2.1. Het betoog faalt. In de uitspraak van 4 juli 2012 heeft de rechtbank overwogen dat aan het besluit van 8 juni 2011 gebreken kleven en het college in de gelegenheid gesteld die gebreken te herstellen. Bij brief van 29 augustus 2011, aangevuld bij brief van 27 september 2011, heeft het college het besluit van 8 juni 2011 van een nadere motivering voorzien. De rechtbank heeft bezien of de rechtsgevolgen van het besluit van 8 juni 2011 als gevolg van die nadere motivering in stand kunnen blijven. Zoals de Afdeling eerder heeft overwogen (onder meer in de uitspraak van 13 oktober 2010 in zaak nr. 200909986/1/H1) houdt de toepassing van de bevoegdheid als bedoeld in artikel 8:72, derde lid, van de Algemene wet bestuursrecht na vernietiging van een besluit, in dat de rechtbank - in de plaats van het bestuursorgaan - beoordeelt of de rechtsgevolgen van het vernietigde besluit in stand kunnen blijven en een nieuw besluit van het bestuursorgaan niet nodig is. Dit betekent dat de rechtbank terecht is uitgegaan van de feiten en omstandigheden die zich voordeden ten tijde van het doen van de uitspraak. Dat de rechtbank het voor het gebied genomen 'Voorbereidingsbesluit Boschveld' buiten beschouwing heeft gelaten, maakt niet dat de overweging van de rechtbank innerlijk tegenstrijdig is, zoals [appellant] betoogt. Een voorbereidingsbesluit heeft voor een aanvraag alleen gelding, indien het is genomen voor de dag van ontvangst van die aanvraag. In dit geval is het voorbereidingsbesluit genomen op 11 september 2012, derhalve nadat de aanvraag om bouwvergunning door het college is ontvangen.
3. Ingevolge artikel 2.5.30, eerste lid, van de Bouwverordening 's-Hertogenbosch 1996, herziening 2010, voor zover thans van belang, moet, indien de omvang of de bestemming van een gebouw daartoe aanleiding geeft, ten behoeve van het parkeren of stallen van auto's in voldoende mate ruimte zijn aangebracht in, op of onder het gebouw, dan wel op of onder het onbebouwde terrein dat bij dat gebouw behoort.

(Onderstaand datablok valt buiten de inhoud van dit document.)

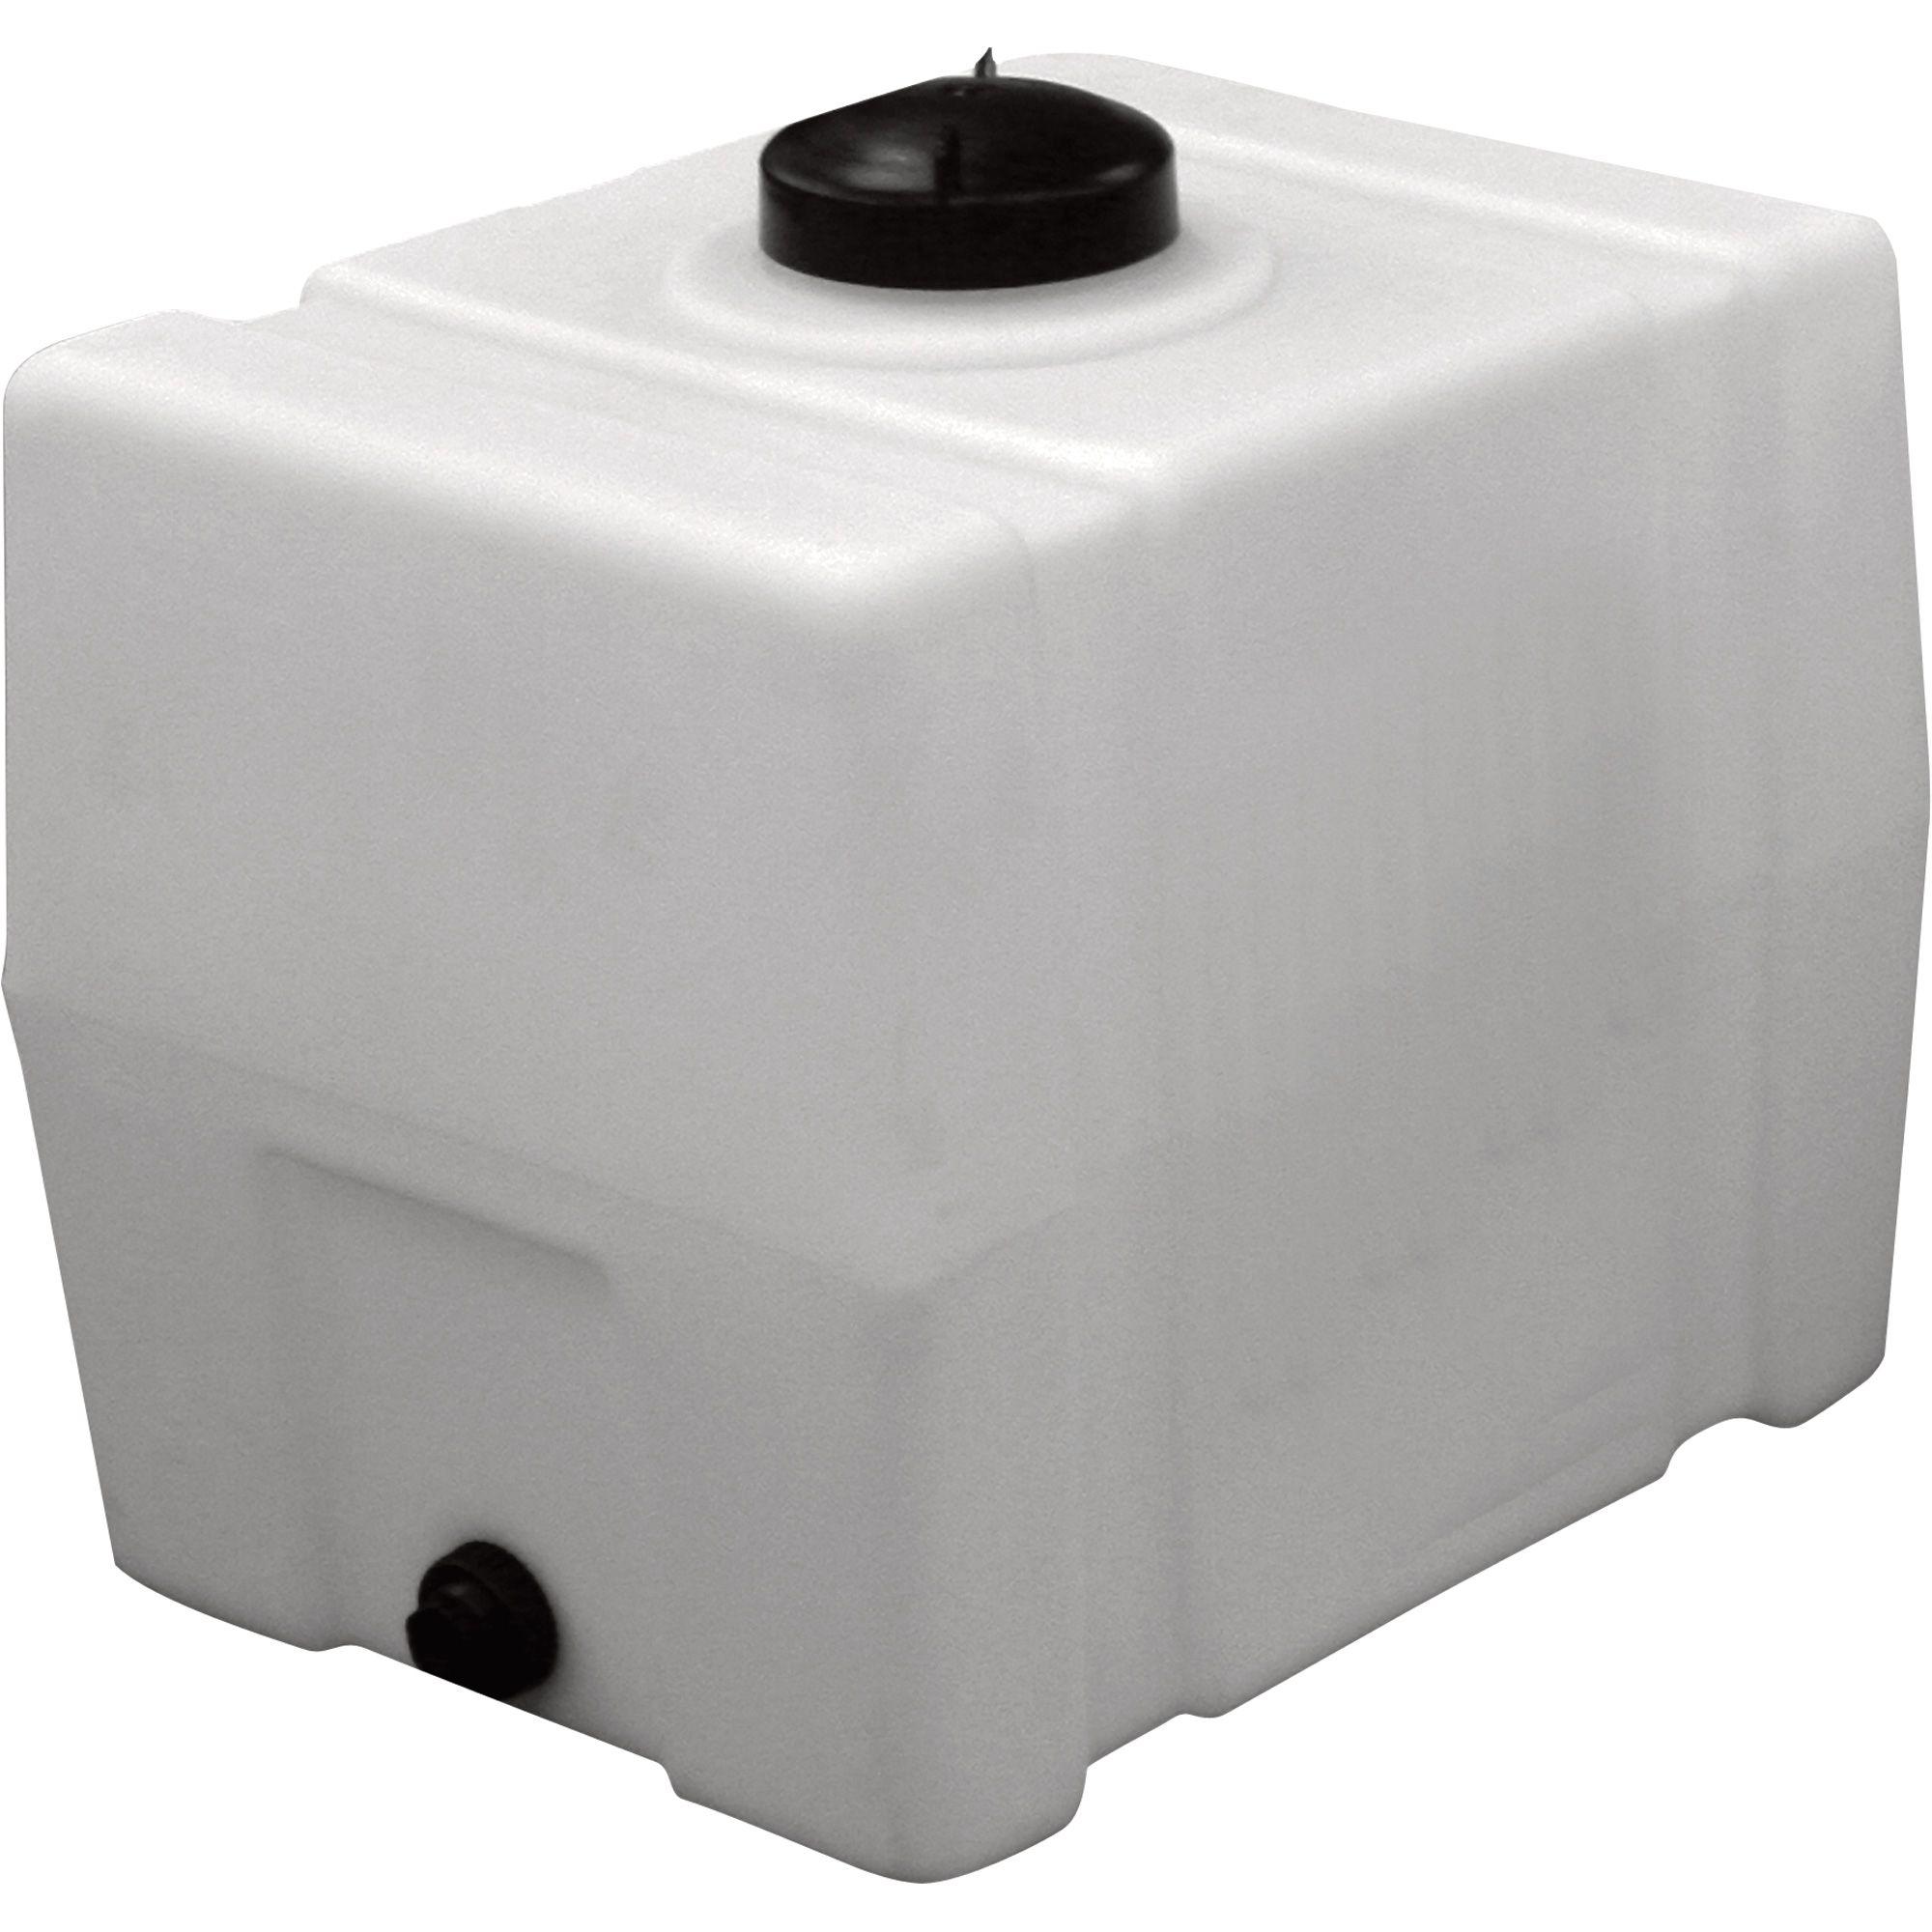 Romotech Poly Storage Tank Square 100 Gallon Capacity Model 2392 Storage Tank Storage Tanks Water Storage

Ingevolge het vierde lid kan het bevoegd gezag van het bepaalde in het eerste lid afwijken:
a. indien het voldoen aan die bepalingen door bijzondere omstandigheden op overwegende bezwaren stuit;
b. voor zover op andere wijze in de nodige parkeer- of stallingruimte wordt voorzien.
Bij de berekening van de behoefte aan parkeerplaatsen, als bedoeld in artikel 2.5.30 van de bouwverordening, heeft het college de nota 'Parkeernormen', door de raad op 9 december 2003 vastgesteld, gevolgd.
4. [appellant] betoogt dat de rechtbank in de tussenuitspraak heeft miskend dat wordt voldaan aan artikel 2.5.30 van de bouwverordening. Hij voert daartoe aan dat na realisering van het bouwplan een lagere parkeerbehoefte bestaat dan in de bestaande situatie. Er hoeven dan ook geen parkeerplaatsen te worden gerealiseerd, aldus [appellant].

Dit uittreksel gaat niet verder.